An equivalent notion is the following:
Given a set of numbers
$Q = {x_1, x_2, x_3 ... x_n}$
if a k element minimum of the set is
${y_1, y_2, y_3 ... y_k}$
such that $y_i$ are all members of Q
Then:
Given a set of numbers
$Q' = {\frac{1}{x_1},\frac{1}{x_2},\frac{1}{x_3}... \frac{1}{x_n}}$
The k element maximum of the set is:
${\frac{1}{y_1},\frac{1}{y_2},\frac{1}{y_3}... \frac{1}{y_n}}$
^how do you prove that?
Here is one solution I believe
Take the set $Q = x_1,x_2,x_3...x_n$
And sort it in ascending order
Now the k minimum of the set is simply the first k elements since those are the k smallest elements.

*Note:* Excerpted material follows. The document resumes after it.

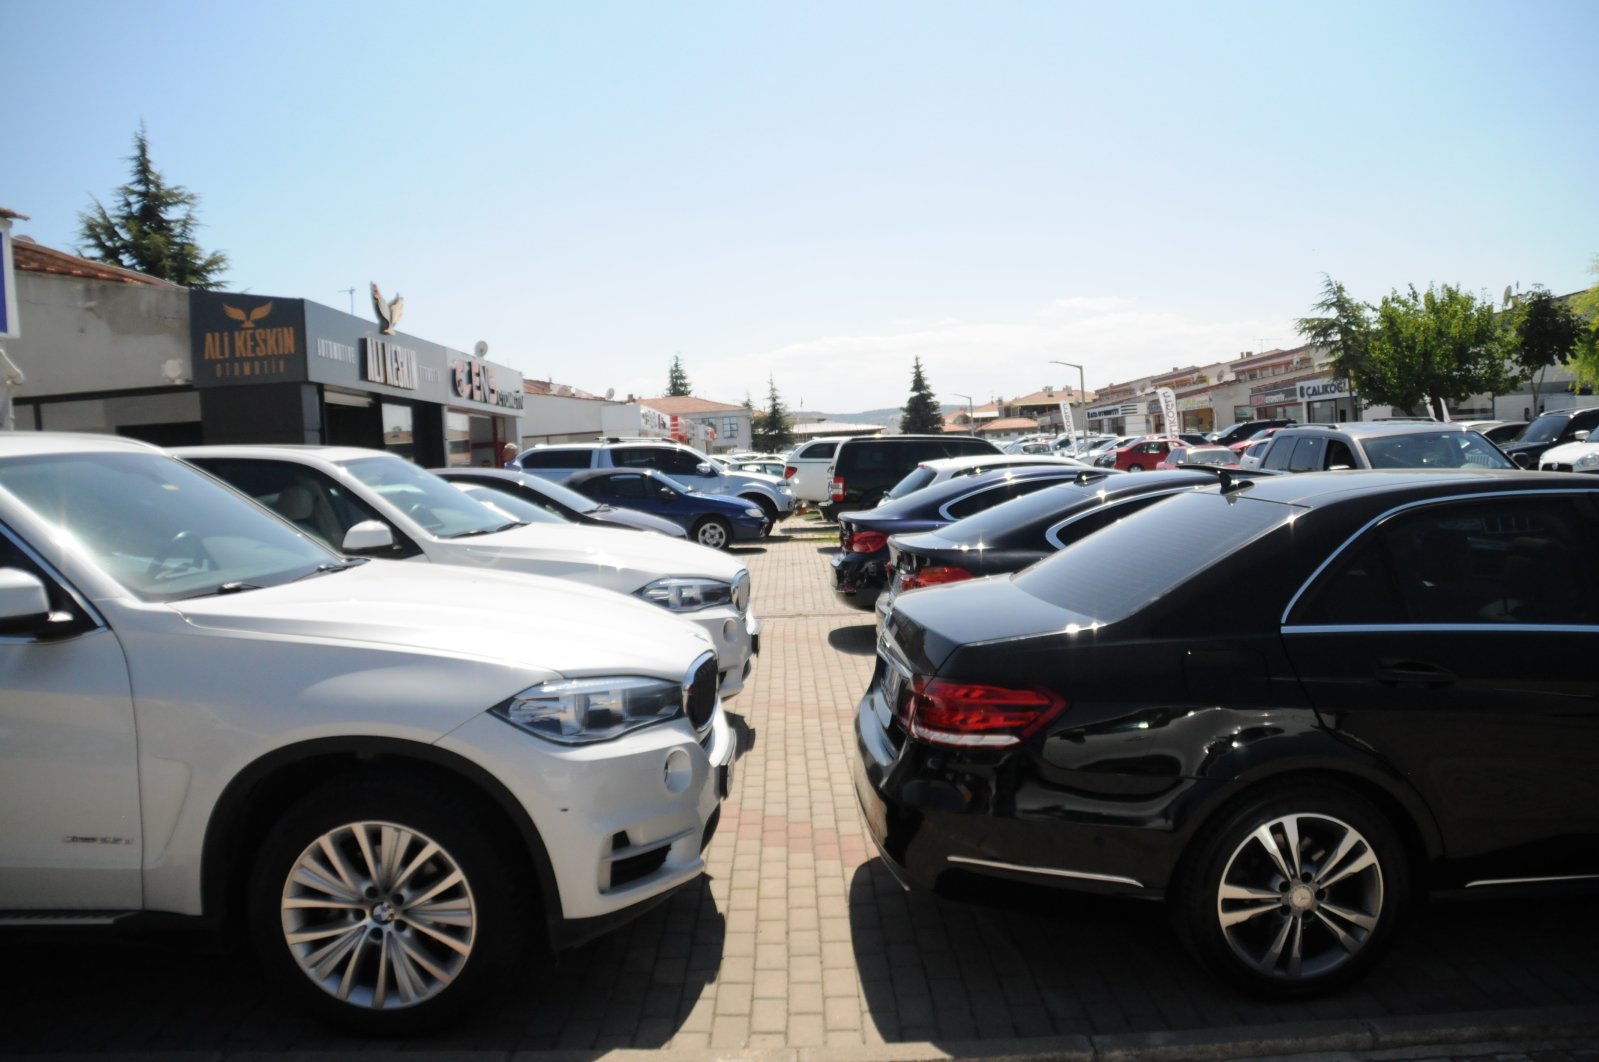 Rental passenger cars are parked at a showroom in Central Anatolian Eskişehir province in Turkey August 24 2020. (IHA Photo)

Now consider the number $\frac{1}{x_i}$
If $x_i > 0$ then as $x_i ==> \infty$ $\frac{1}{x_i} ==> 0$
Therefore if we assume that $Q$ contains only positive elements, then the k element maximum of the set
${\frac{1}{x_1},\frac{1}{x_2},\frac{1}{x_3}...\frac{1}{x_n}}$
are the reciprocals of the k element minimum of the set
$Q = x_1,x_2,x_3...x_n$